11-07-2018

I vini di Cloudy Bay: la Nuova Zelanda non è solo rugby

Dal Sauvignon del Marlborough, fino al Pinot Nero più a sud del mondo: prodotti d'eccellenza

I vigneti neozelandesi di Cloudy Bay

I vigneti neozelandesi di Cloudy Bay

«Forse conoscete la Nuova Zelanda per il rugby, per gli All Blacks. Ma ora potete conoscerla meglio anche per i vini». Scherza Wendy Van Den Schrick brand ambassador di Estate&Wines, gruppo Moet-Hennessy, nel presentare la produzione di Cloudy Bay.

L’azienda deve la sua nascita all’intuizione del fondatore David Hohnen, che si era innamorato della zona del Marlborough e che, con il socio Kevin Judd, ha portato nel 1985 il Sauvignon Blanc.

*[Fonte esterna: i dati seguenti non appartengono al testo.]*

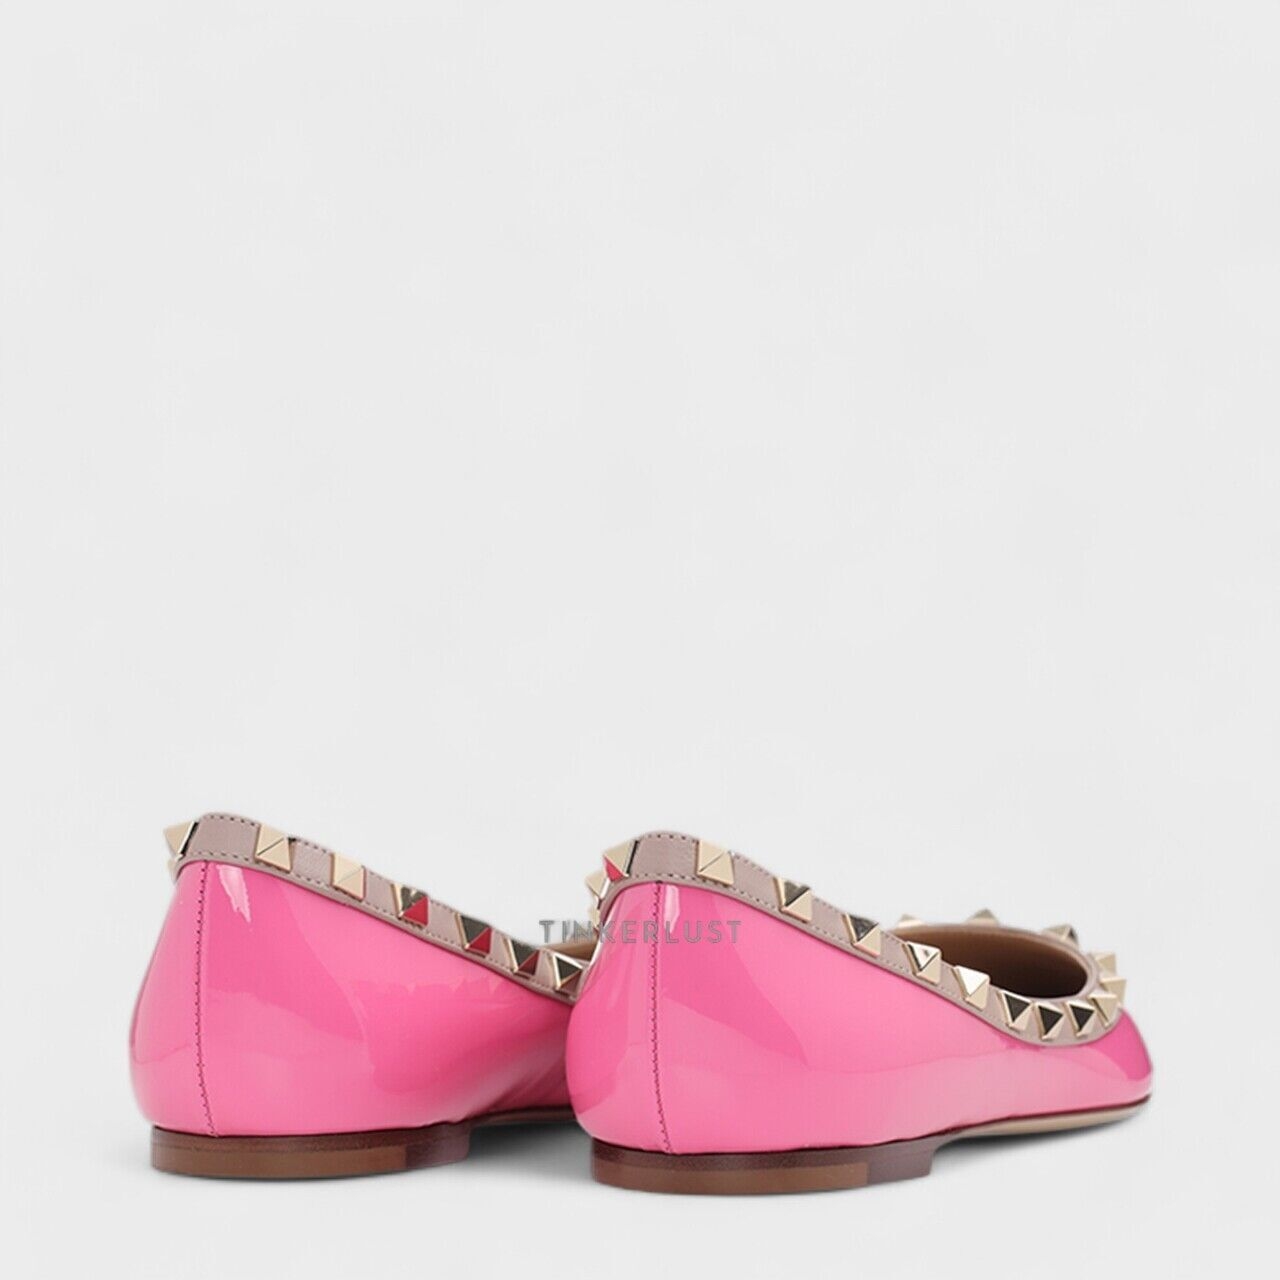 Valentino Garavani Rockstud Ballerina Feminine Pink Patent Leather Flats

Andrea Pasqua e Wendy Van Den Schrick di Moet-Hennessy, con Carlo Cracco

Andrea Pasqua e Wendy Van Den Schrick di Moet-Hennessy, con Carlo Cracco

È questo l’inizio di un successo, che ha portato Cloudy Bay a ritagliarsi fin da subito un’importante fetta di mercato per quanto riguarda i vini del “nuovo mondo”, arrivando a una produzione di circa 6 milioni di bottiglie annue, con il Sauvignon che, come ammette Wendy Van Den Schrick, «viene esaurito tutti gli anni nel giro di breve tempo». E si tratta della maggiore produzione, in termini quantitativi, dell’azienda.

La qualità espressa da Cloudy Bay è stata al centro del pranzo degustazione al ristorante di Carlo Cracco, in Galleria a Milano, con la presenza anche di Andrea Pasqua, responsabile Moet-Hennessy Italia.

I vini in degustazione: da sinistra Te Wahi 2015, Pinot Noir 2017, Te Koko 2014 e Sauvignon Blanc 2017

I vini in degustazione: da sinistra Te Wahi 2015, Pinot Noir 2017, Te Koko 2014 e Sauvignon Blanc 2017

Il focus sui vini ha riguardato in particolare due vitigni: il Sauvignon Blanc, vero portabandiera nel mondo della produzione di Cloudy Bay, e il Pinot Noir, un piccolo gioiello che viene distribuito anche in Italia. «Per quanto riguarda il Sauvignon – spiega Wendy Van Den Schrick – vogliamo far capire la potenzialità del terroir del Marlborough. Riusciamo a produrre vini con note fruttate, di agrumi, di frutto della passione, di litchi, che vengono ben equilibrati da un’acidità sostenuta, che permette a questi vini di avere un’ottima bevibilità».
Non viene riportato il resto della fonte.